Remarkable bullet ballets and preposterous macho action fantasies propel the quite good 'John Wick: Chapter 2'.

SCREEN GRABS Taking place about five minutes after the last one ended, John Wick: Chapter 2 has Keanu Reeves’ puppy-eyed unstoppable killing machine forced back into the business by Santino (Riccardo Scamarcio), who wants his sister out of the way so he can assume her place ruling the Italian mafia. That’s the domino that causes about 10,000 more to fall — hitmen, that is, who in this giddy cartoon first-shooter-game universe John must slay in bulk, often in crowded settings, while miraculously bystanders not only don’t get harmed, they barely even notice. 

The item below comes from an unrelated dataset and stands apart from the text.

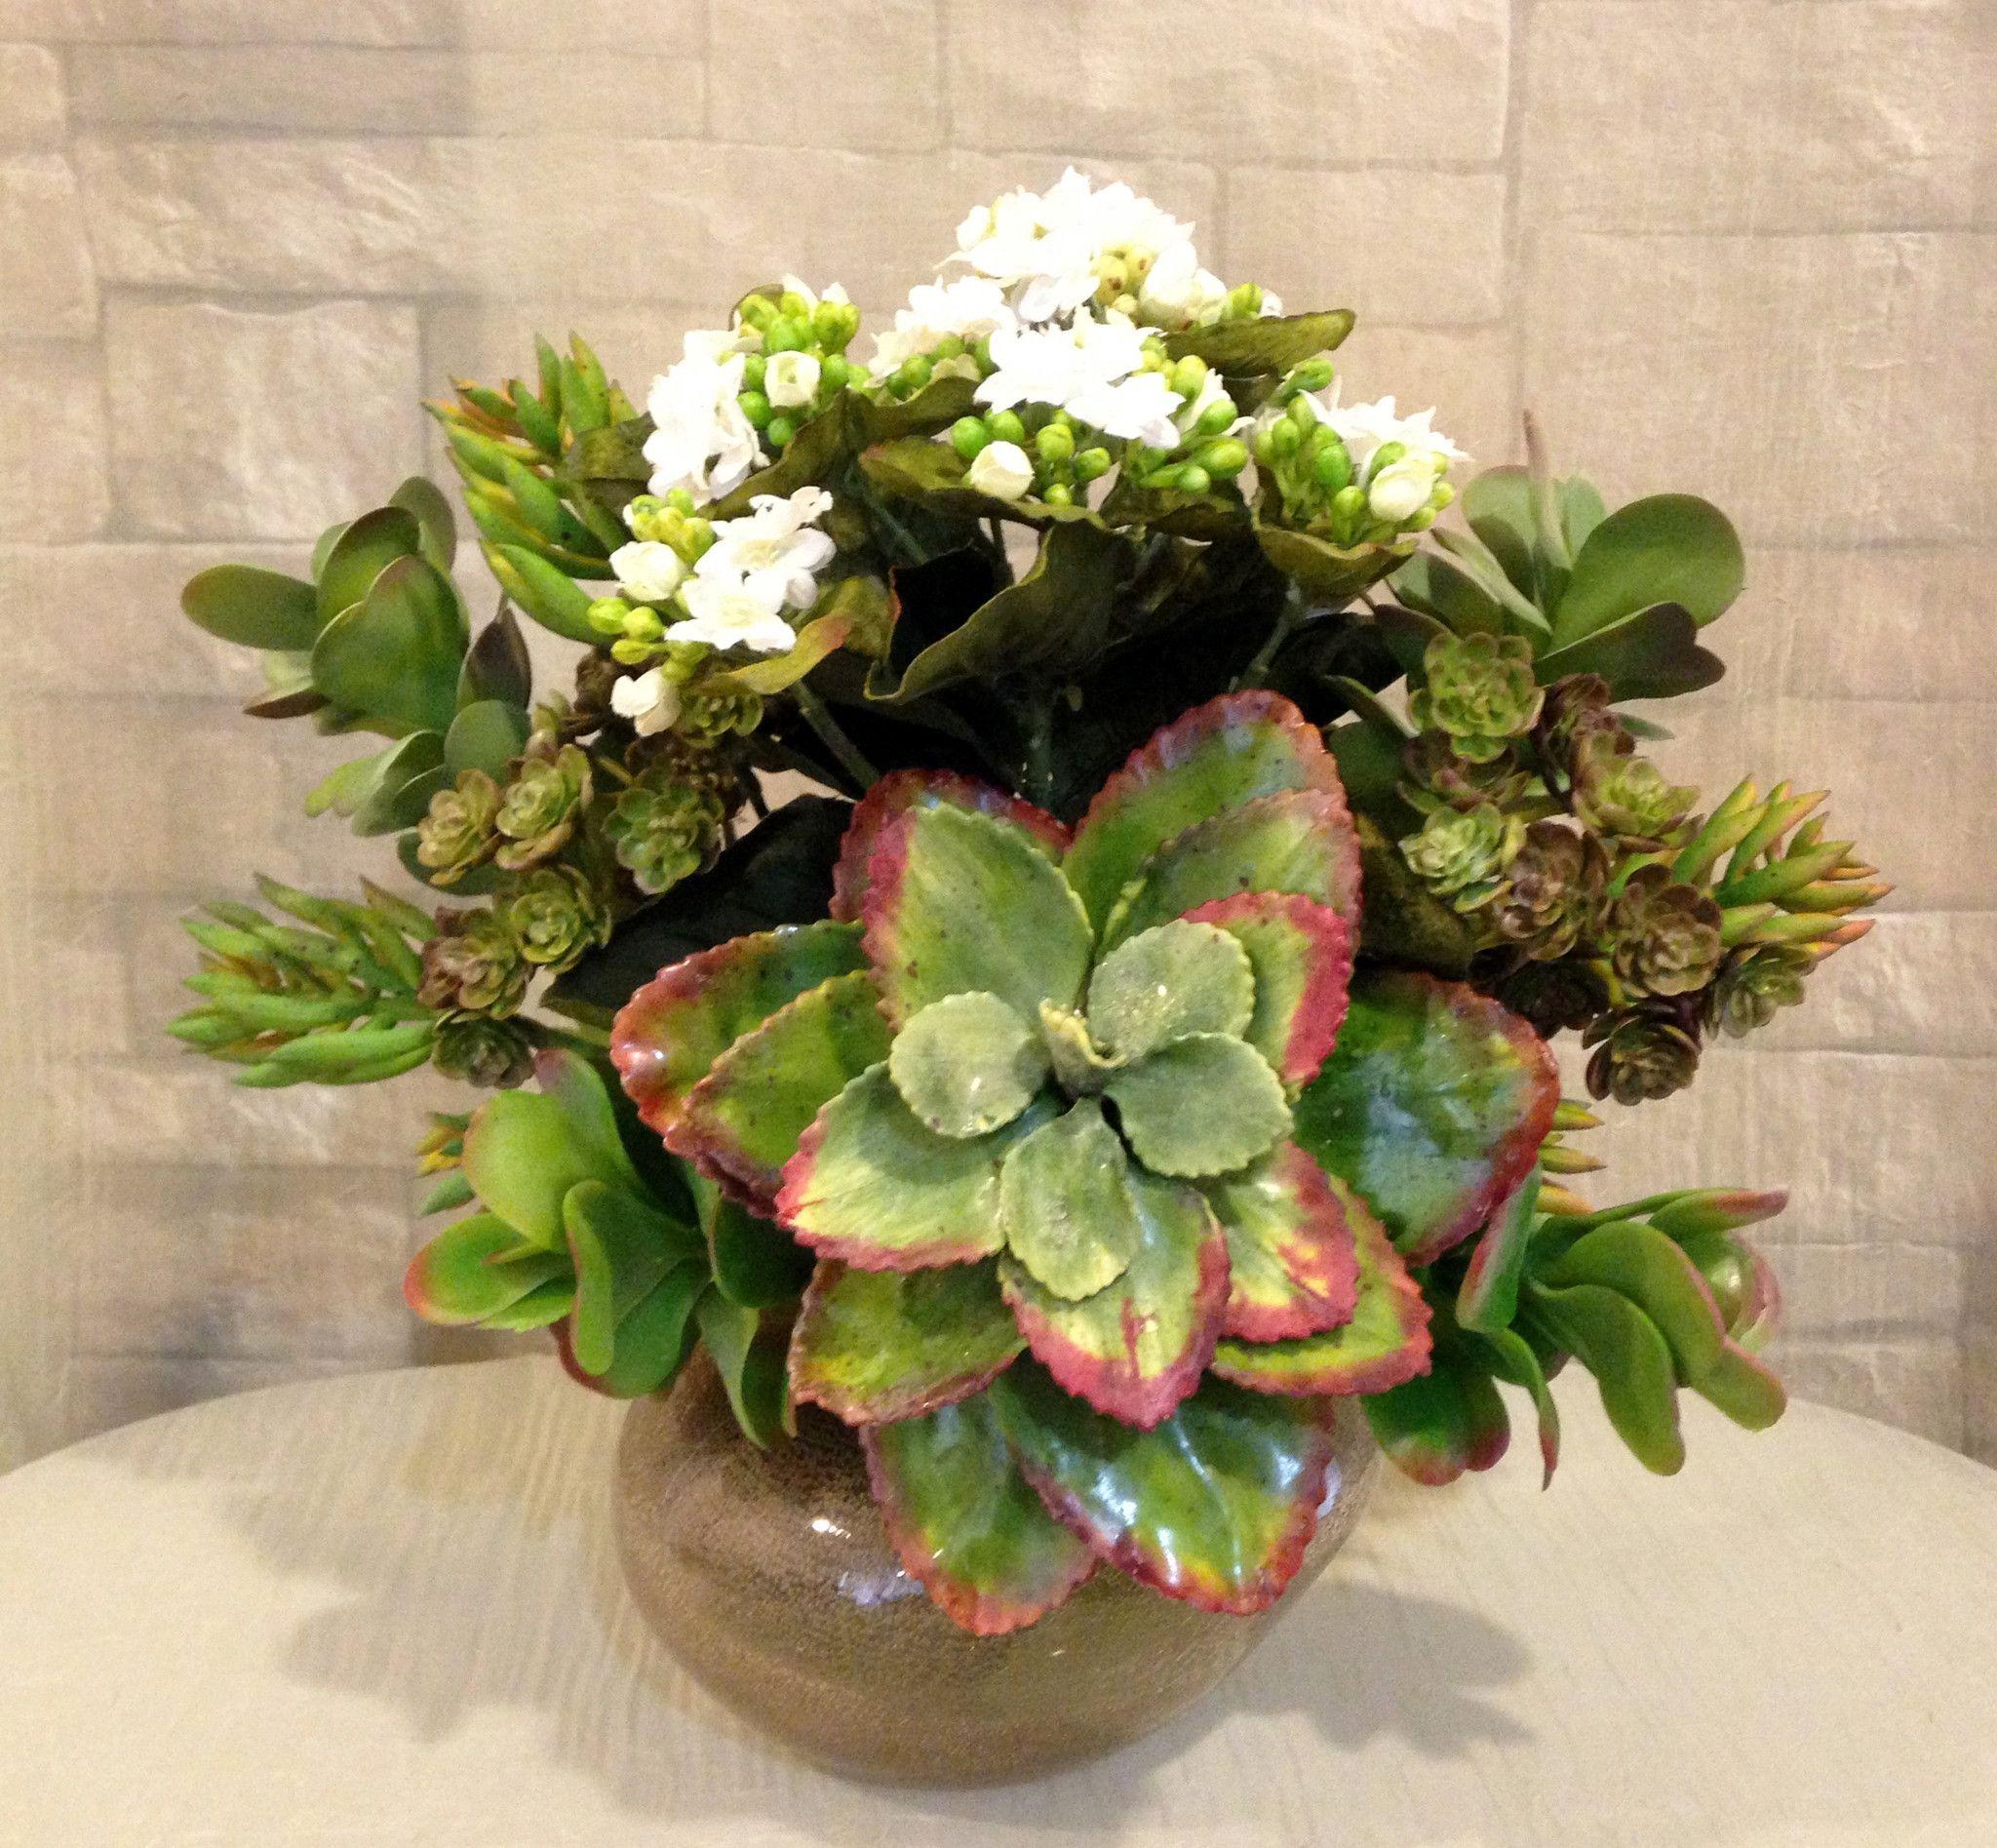 Silks pothos desk top plant in pot amp reviews wayfair - Artificial Echeveria Plant Kalanchoe And Succulent Arrangement In Copper Parla Glass Vase

Bigger and duly better, stunt coordinator-turned-director Chad Stahelski’s sequel to his 2014 sleeper hit actually does what James Bond movies aim for better than they have lately: It offers a preposterous macho action fantasy luxury-packaged in an equally outré fantasy of decadent jet-setting sophistication. The bullet ballets are terrific, the mano-a-mano stuff almost as good as the Raid movies. The lighting is as baroque in hue as a recent Nicolas Winding Refn joint (or a late 70s Dario Argento one), and there’s a climax that reaches all the way back to Welles’ The Lady from Shanghai. 

The cast, too, feels like an assembly of refined, expensive in-jokes, not so much offering characters as a first-class glitter of recognition. Giving off that requisite winky sheen is everyone from Common and Orange Is the New Black’s Ruby Rose (who notably also surfaced in the last xXxmovie’s cheesier monomania wet dream) to such variably old-school brands as John Leguizamo, Laurence Fishburne, Ian McShane and Franco Nero. (The latter may provide yet another totemic cineaste reference point: This is certainly a better Django update than either of the last two Tarantino movies.) 

As enjoyable a ride as it is, it’s also a little too weirdly apt such a fantasy for the delusional-narcissist Trump era. After all, our hero here is another invincible superman whom nobody can “really know” even though he’s a “legend” to all. Also, he’s not paranoid, because everybody IS out to get him. 

This extreme I-am-the-center-of-the-universe heroic conception is really no less ludicrous when fitted to Keanu than it is to that guy in the White Hosue. But it sure does look better on Keanu. And not only does Chapter 2 leave the way open to #3, it pretty much gets it rolling.